IA: This technology-centric, information-based strategy places a lot of focus on your position as CIO. How does Capital One bridge the traditional divide between the IT and business functions, and how does this affect your role on a day-to-day basis?
CD: It is certainly true to say that technology is a core component of how we do our business. In more traditional or historical organizations, the IT guys tend to have a sense of inferiority, but that doesn’t happen here. Before I joined Capital One I actually had a conversation with one of the founders, Nigel Morris, about the relationship between business and IT. Having worked in some of the larger institutions, I knew what different types of relationships there could be. Morris said that in Capital One, he thought the relationship [between the IT and business functions] was the best he’d ever seen, but it still wasn’t where he wanted it to be.
So when we have discussions about new strategies and products, both operations and IT are involved in those discussions rather than us getting a letter on Monday morning saying, ‘Can you implement this on Wednesday?’ That’s not to say it’s perfect. Sometimes if someone’s got a bright idea they forget to think about some of the IT logistics. But that’s the exception. The norm is that we get involved.
Case questions
1. What is their business strategy to grow profitably and compete over the long term?

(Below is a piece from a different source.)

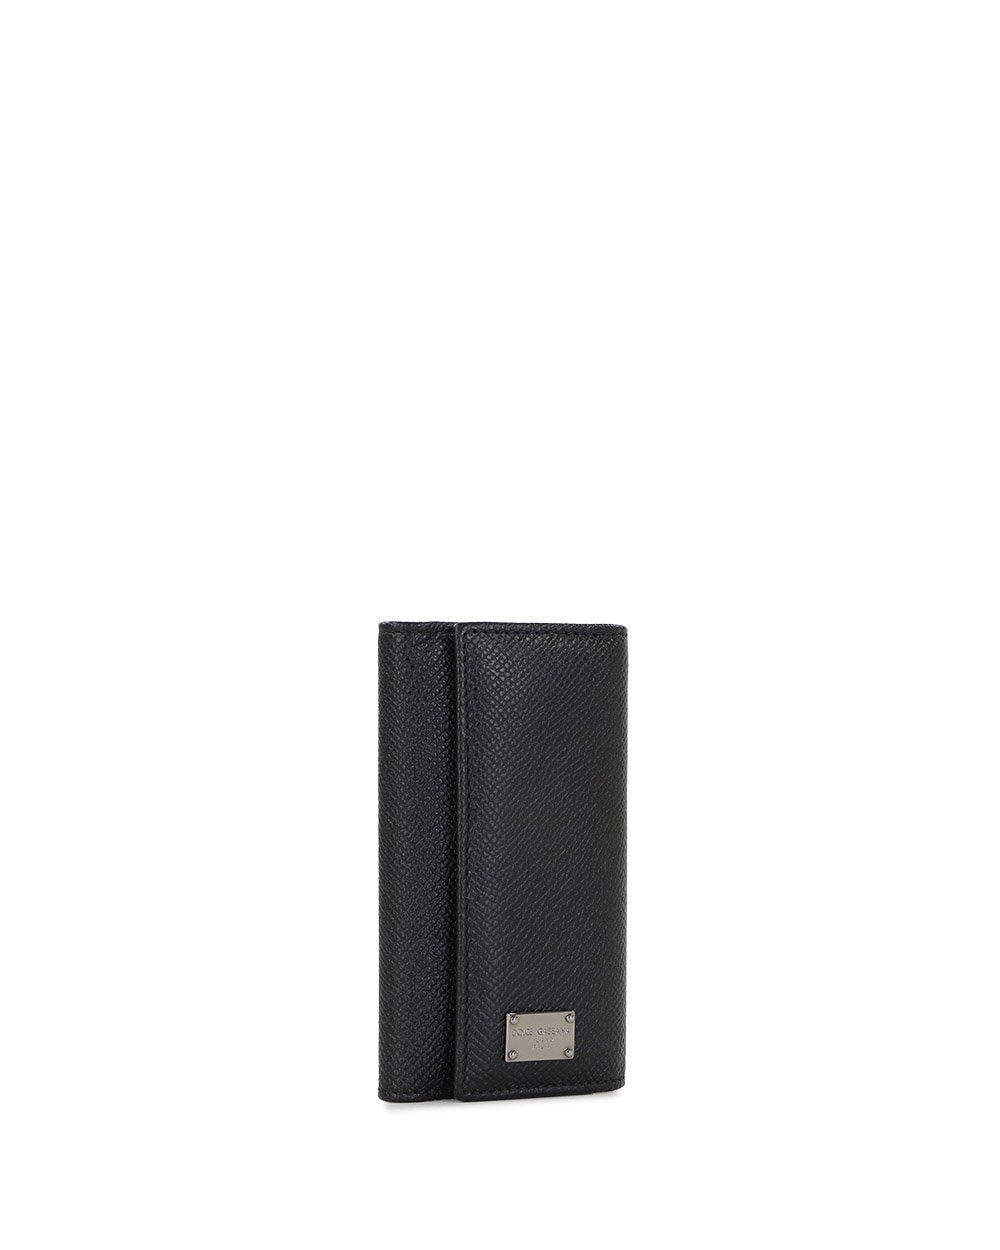 Leather Key Case - ISSI Outlet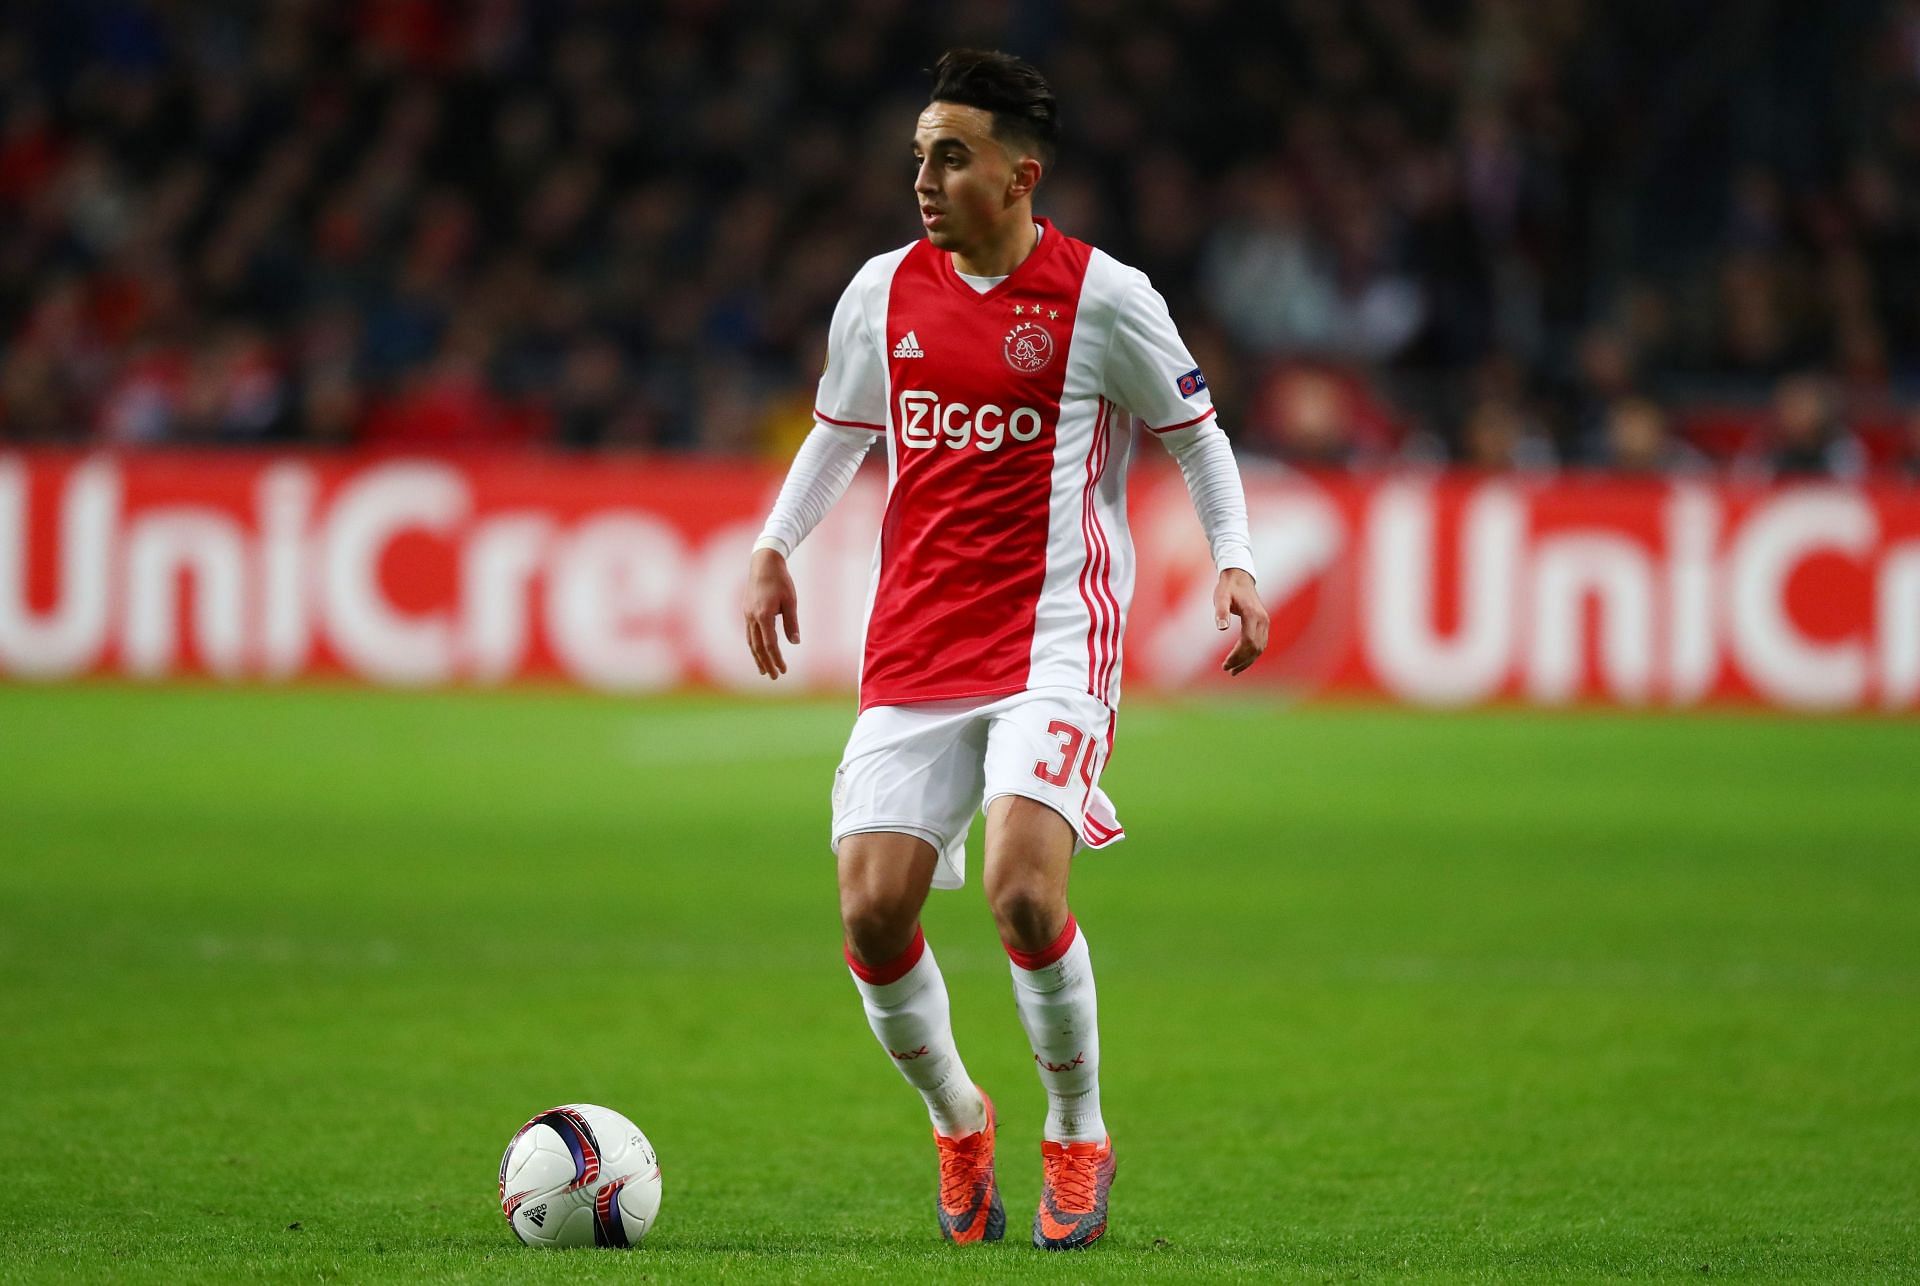 Abdelhak Nouri woke up from a coma after almost three years.

2. Describe how Capital One uses information to implement their strategy? What kinds of information do they use and where does it come from (sources)?
3. Describe their notion of a “scientific test”. Compare and contrast this approach to product development and launch with a more traditional approach that a manufacturing company might use.
4. Describe the information technologies/systems used to support the “scientific test” approach. Are these investments justified?